We never promised Christi or ourselves that this getting to know each other, getting to trust each other would be easy but I don't think any of us knew or could have predicted 7 years ago where this journey would take us. Christi never went back to her apartment with her friend after the bus escape in May, 1995. She lived with Mike and Pauline again for a short time and shared with them over time how her friend had betrayed her trust and treated her badly--she had been sleeping on the floor again in her own bedroom so her roommate could sleep in her bed because that bedroom was more quiet from street noise. She never let on until she could not stand it any more and had to leave.

Pauline and Mike, Joe and I and Mary and Richard and all of our families got together with Christi shortly after her bus trip and celebrated the years we have all shared together. We all got time that evening to tell Christi individually how much we cared about her and how deeply worried we were when we had not seen nor heard from her for 16 days. We all offered her in our own style some form of listening should she need to talk before she resorts to extreme retail therapy or bus excursions that last more than a few hours.

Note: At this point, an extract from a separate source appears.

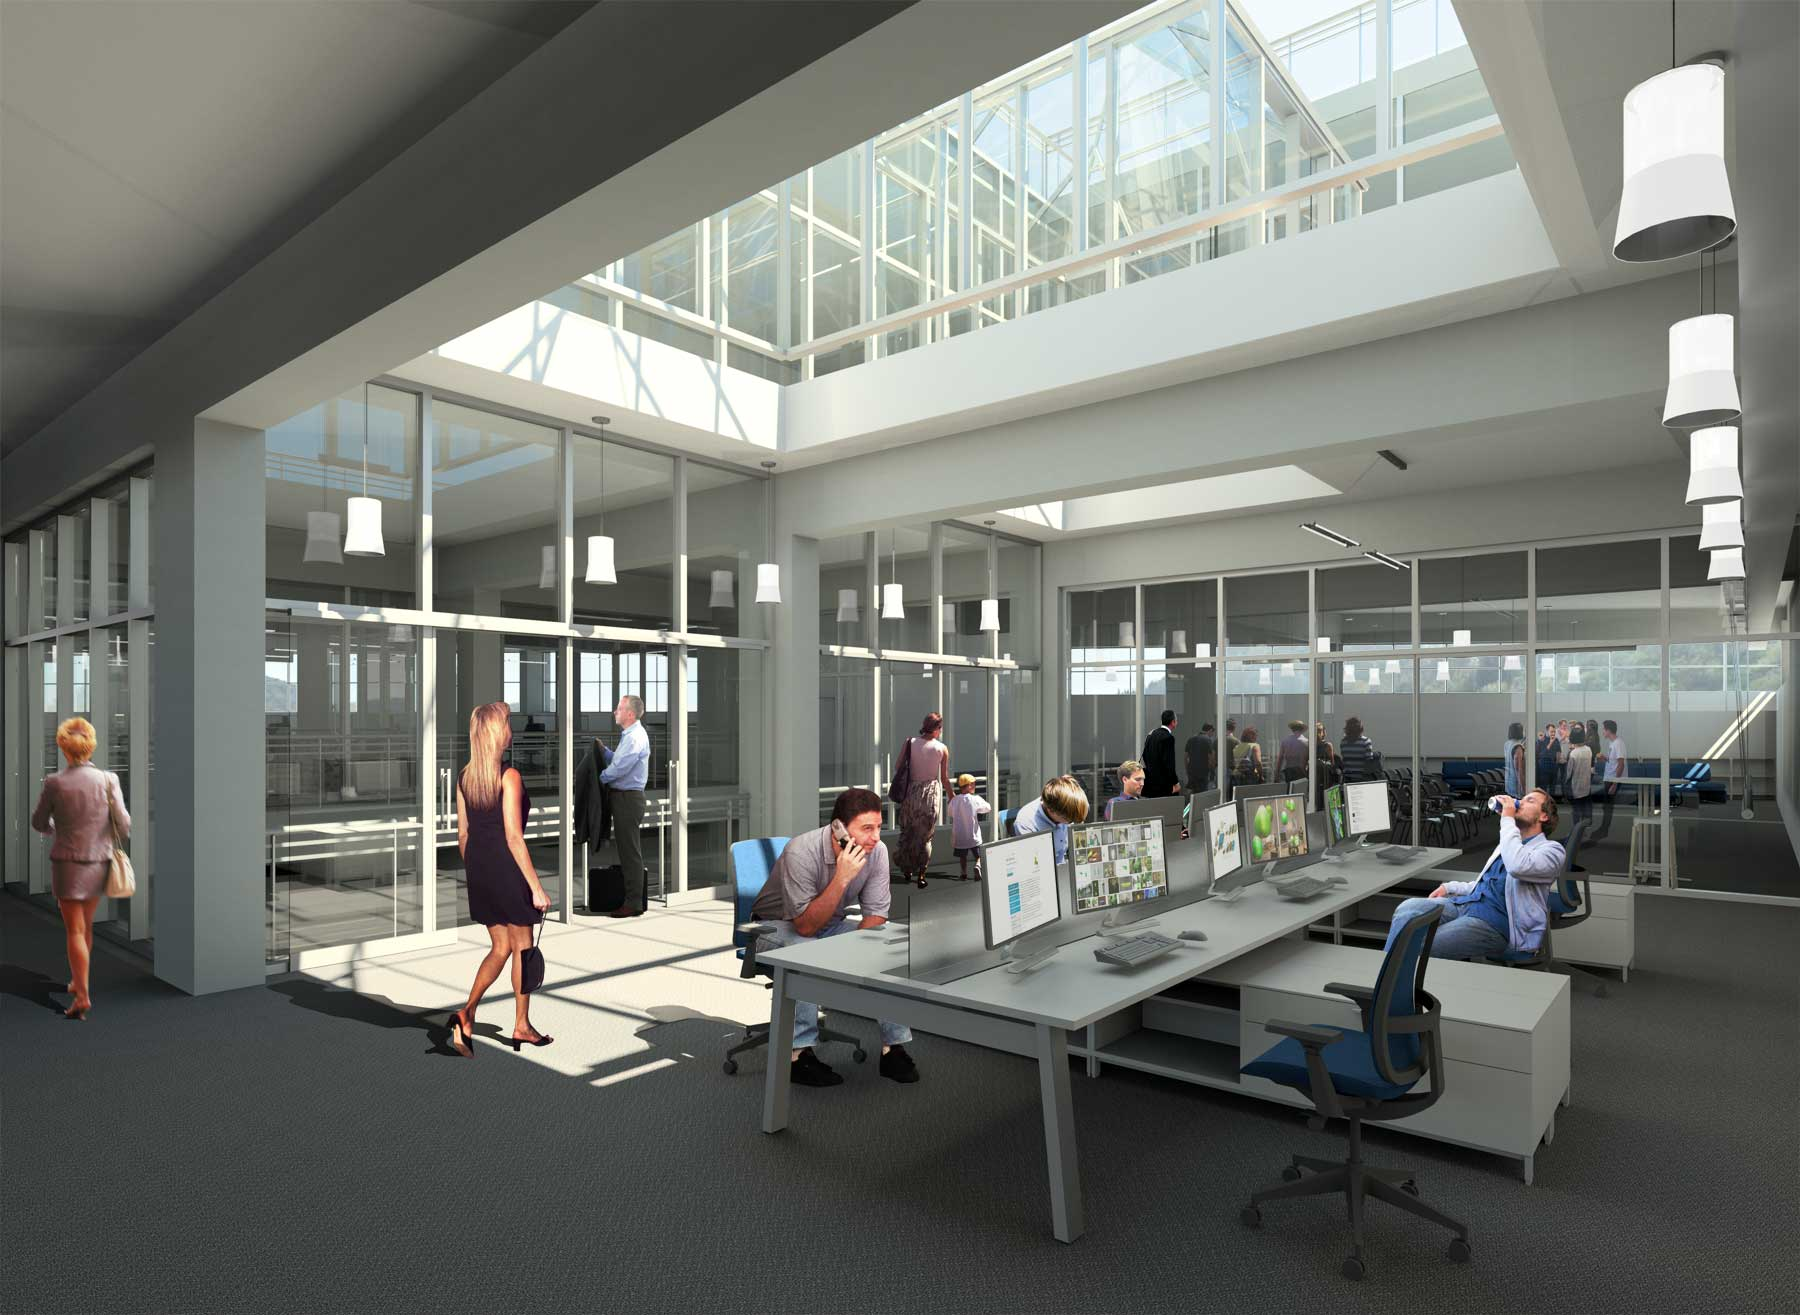 Training area for new staff or seasonal interns

Eight months since May and Christi has had two apartments--first a small one by herself which she enjoyed until she met her new boyfriend, Rick, and they decided to share an apartment. Just this week Christi and Rick have been offered new jobs, they both say they are looking forward to going back to work. They are also planning a vacation to Seattle to visit family that will be in April. Their river raft ride is only beginning and we all wish them a safe and loving journey.

Our ride with Christi has mellowed to more of a smooth ride with far fewer areas of white water. We have learned so much about rafting in the last seven years we have begun to share our river tales with others who are willing and ready to get in to the river and ride with us. We hope that the sharing of these tales will encourage people looking for a raft and people looking for a river to join together and enjoy the ride.